Thomas Tufte, Living with the Rubbish Queen: telenovelas, culture and
modernity in Brazil, Luton: University of Luton Press (2000), ISBN
1 86020 541 0, £16.50.
In traditional accounts of debates on the topic of cultural imperialism,
the flow of consumerist messages through international television has
been a key concern. It is argued that one reason these messages have become
global is because of the extensive reach of the United States-based media,
advertising and telecommunications networks, helping the US to use 'soft
power' to promote its commercial culture.
Two key studies undertaken for UNESCO by Karl Nordenstreng and Topo Varis,
published in 1974 and 1985, found a clear pattern in the flow of international
television programmes mainly, though not exclusively, from the
United States to other parts of the world. Both studies argued that there
was generally 'one-way traffic,' in entertainment-oriented programming.
This flow has arguably become much more pronounced in the era of globalisation
and multi-channel television, though some non-Western countries such as
India, Egypt and Brazil have also emerged as exporters of television programmes
Despite technological advances, especially in satellite communications,
the US continues to lead the field in the export of audio-visual products.
The British Film Institutes new Atlas of Global Media shows that
in all major genres of television entertainment the United States dominates
global exports, accounting for 85 per cent of all light entertainment
programmes and 72 per cent of television dramas sold worldwide.
However, international cultural traffic is not just one way. Evidence
shows that new transborder television networks are appearing as a result
of the deregulation and privatisation of television industries, coupled
with the extension of satellite footprints and the growth of direct to
home (DTH) broadcasting in an increasingly global communication environment.
One key example of cultural export from the global South to the North
is the Latin American soap opera, the telenovela. The Brazilian media
giant TV Globo is the primary exporter of this genre of television across
the globe its programmes, mainly entertainment-orientated, are
exported to 130 countries across the globe. With a total revenue of $4.4
billion, TV Globo is a multimedia giant operating across different
parts of the media: print, publishing, on-line, TV and video as
well as communications hardware, notably satellites. Its international
partners include Rupert Murdoch's News Corporation, the Mexican media
conglomerate Televisa the world's largest producer of Spanish-language
television programmes and the US-based TCI. Globo has also been
involved in a consortium of DTH broadcasters with the aim to provide a
range of programming on a pan-American basis.
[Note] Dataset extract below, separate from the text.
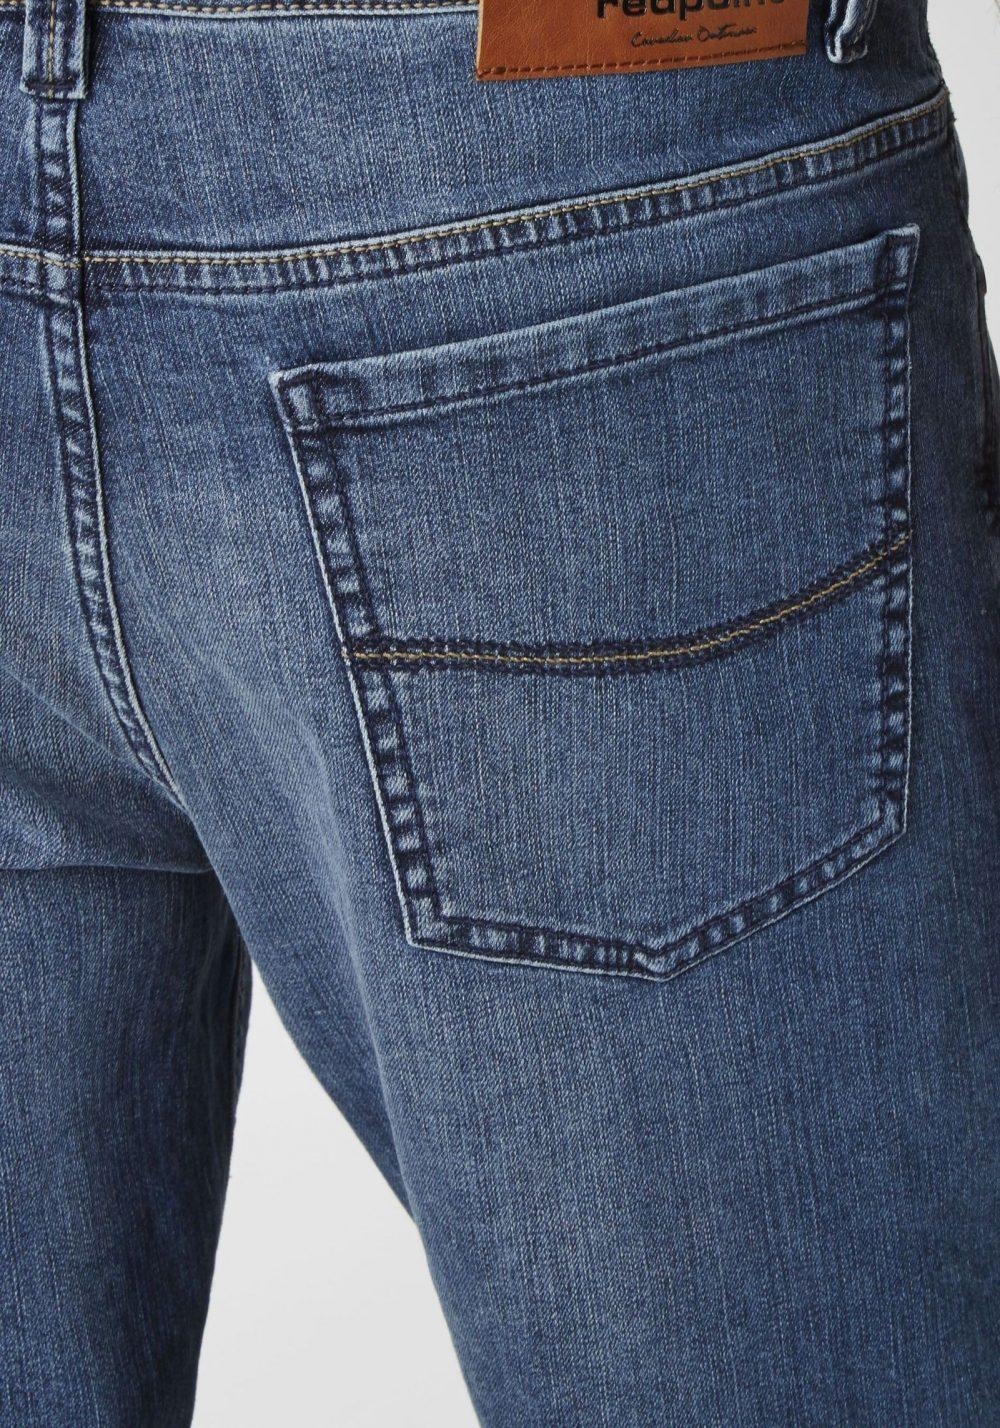 extra xxl shop, redpoint hlače veliki broj

Telenovelas occupy a pre-eminent position on television schedules across
Latin America. In countries such as Brazil, they have had unprecedented
success, receiving very high ratings, reaching a peak in the 1970s of
70 per cent of prime time, since declining to between 40 and 50 per cent
in the 1990s. This popularity has been maintained despite the availability
of a wide range of programming including dedicated sports and leisure
channels, also remarkable given that the telenovelas are screened six
days a week, occupying up to five hours of mainly prime time.
Thomas Tufte maps out the growth of this genre of television in Brazil,
detailing its evolution in both its cultural and commercial contexts.
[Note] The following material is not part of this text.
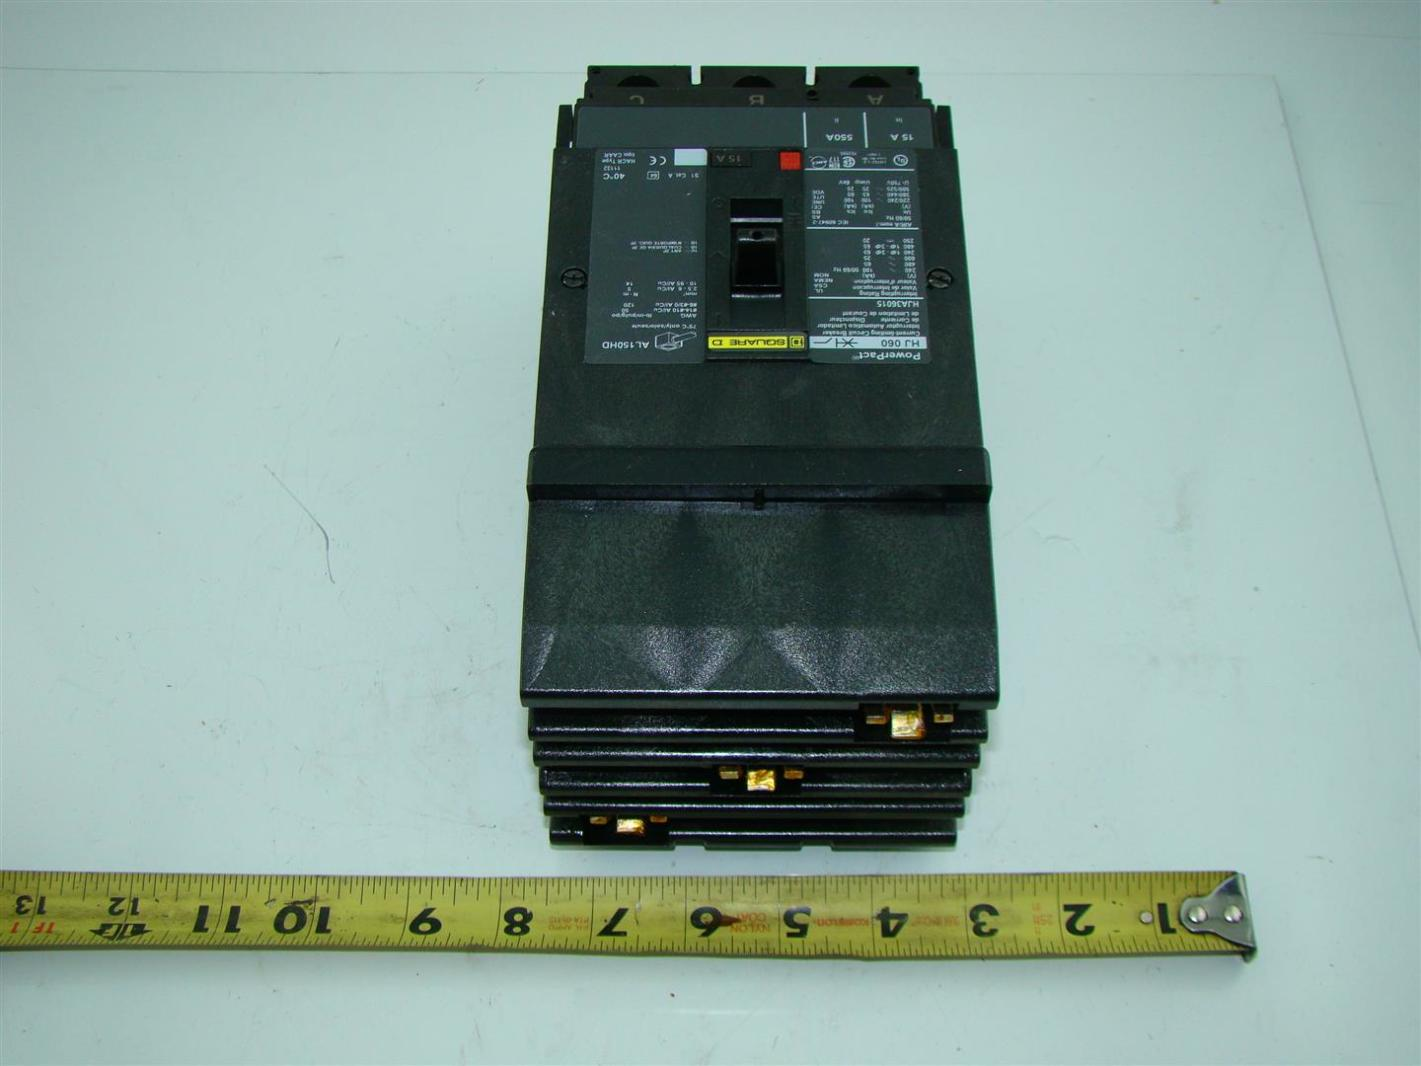 Panel Breaker Box Wiring Diagram In Addition Square D Circuit Breakers

Tufte's book aims to analyse how telenovelas 'take part in everyday life,
as cultural expressions reflecting and interpreting issues of common concern,
and taking account of the fact that they are cultural products guided
by commercial incentives' (3).
Tufte, an Associate Research Professor in the Department of Film and Media
Studies at the University of Copenhagen, has spent many years researching
the topic (which formed part of his PhD thesis). They started as what
he calls 'visualised radionovelas,' with the first Brazilian telenovela
Sua Vida Me Pertence (Your Life Belongs to Me) broadcast in 1951.
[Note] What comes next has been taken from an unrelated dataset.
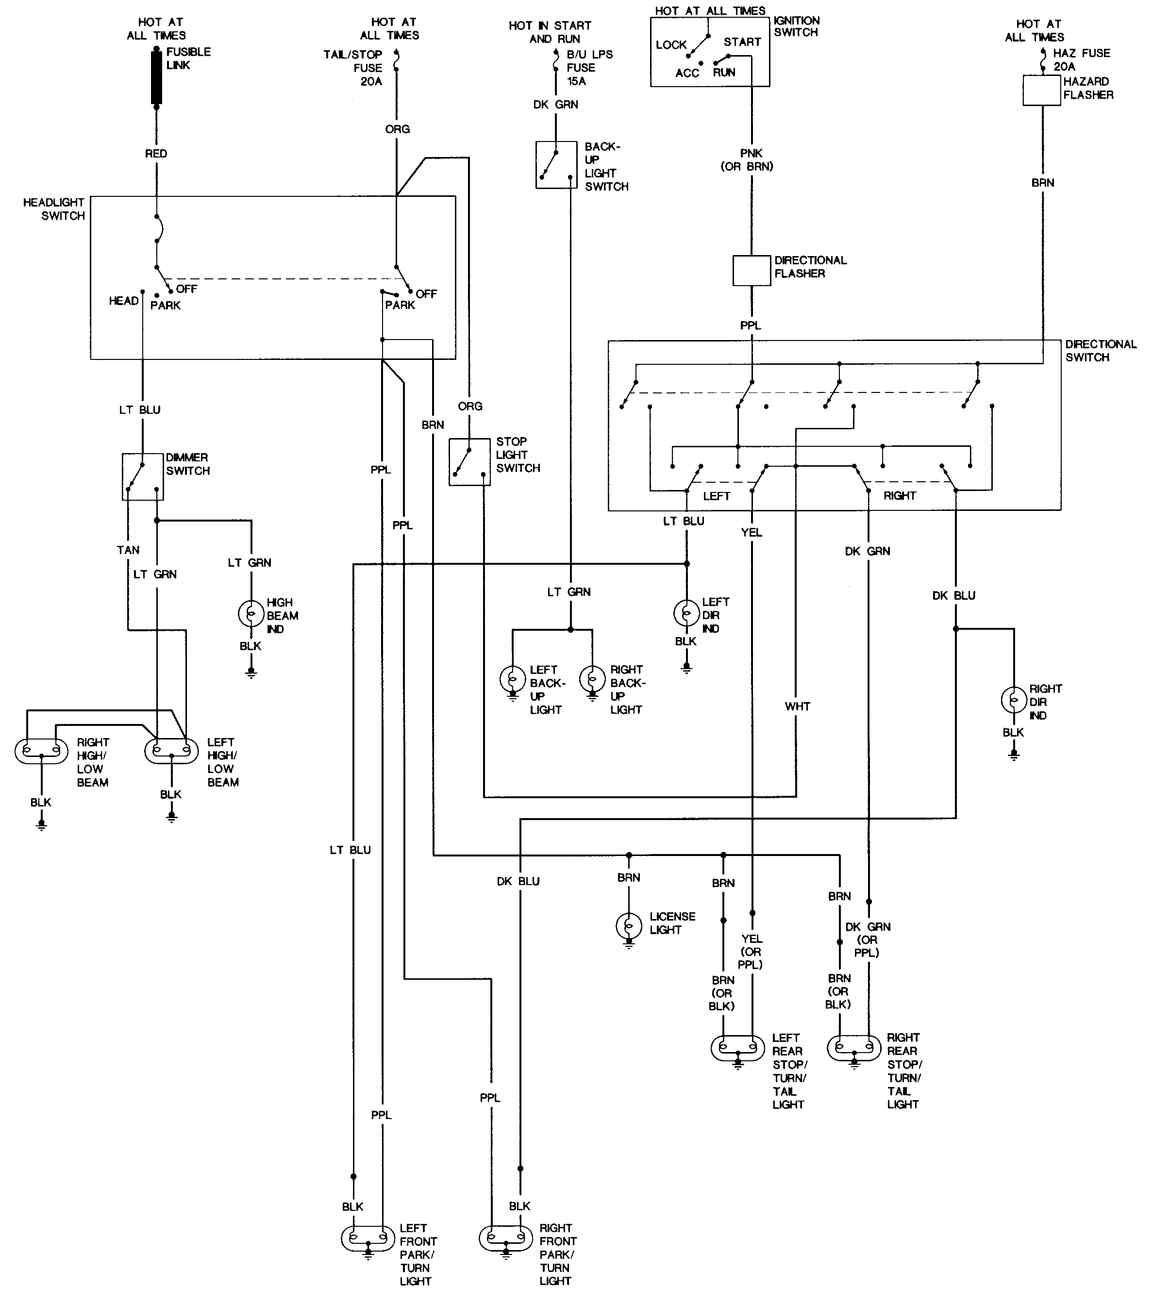 1990 chevy suburban wiring diagram 1978 chevy suburban wiring diagram 1990 chevy suburban wiring diagram #36

As in many other developing countries, early television broadcasting in
Brazil was elitist in nature, with a bias towards programmes for 'cultured
When the first daily telenovelas were produced in the 1960s they were
sponsored by such multinational companies as Procter and Gamble, Colgate-Palmolive
and Uniliver. Gradually production was taken over by domestic TV networks,
on the model of Hollywood majors. Though borrowing technology and the
commercial approach from Brazil's mighty North American neighbour, Tufte
sees telenovela as a 'very national genre', arguing that 'it has natural
links to international and historical genres, but was already by the early
1970s established as a genre on its own' (79).
According to Tufte the narrative is not concluded when the telenovela
goes on air, but unfolds in a process dependent on audience response.
Typically, when a telenovela starts 24 chapters (Tufte prefers this term
to episode, which he believes indicates a closed narrative) are filmed.
The author may have written another 15-20 chapters. A telenovela normally
develops into 150-200 chapters.
As a case study, Tufte discusses The Rubbish Queen (Rainha da Sucata)
screened in 177 chapters on TV Globo from 2 April to 26 October 1990,
in the year celebrating the 25th anniversary of the founding of Globo.
Set in Sao Paulo, Brazil's second largest city, The Rubbish Queen
centres round two women one upper class who represents the élitist
European view of contemporary Brazil, and another a nouveau riche, both
of whom struggle for the love and attention of the main male lead. Tufte
discusses this as a narrative which encompasses a love story as well as
the class conflict in a modernising society.
Tufte attempts to go beyond the traditional Eurocentric media ethnography
to analyse what he calls 'the hybrid sphere of signification,' which 'constitutes
a special organisation of time, space and social relations, possessing
a special code of conduct which is central in the configuration of Latin
American modernity and central in the articulation of Latin American identity
carried largely by emotion, and with the telenovelas as central
Like many of his North American and European colleagues, Tufte seems to
have been touched by what has been called the Latin American 'magic realism.'
One senses a certain degree of tension between the obvious limitations
of European ethnography and the complexity of adapting these theoretical
frameworks to analyse mediation in distant and complex socio-economic
and cultural situations. Tufte wisely says: 'be cautious in generalising.
Universalism is difficult to handle. Focus on the reality at stake, carry
out the relevant historical analyses, be loyal to the richness of detailed
descriptions in them is hidden the cultural diversity, the nuances'
(232). In fairness to Tufte, the wealth of detailed observation and description
is in evidence in ample measure in this book. However, any such work has
to be careful to avoid the Western fascination for the alleged or imaginary
exotica of the so-called Third World.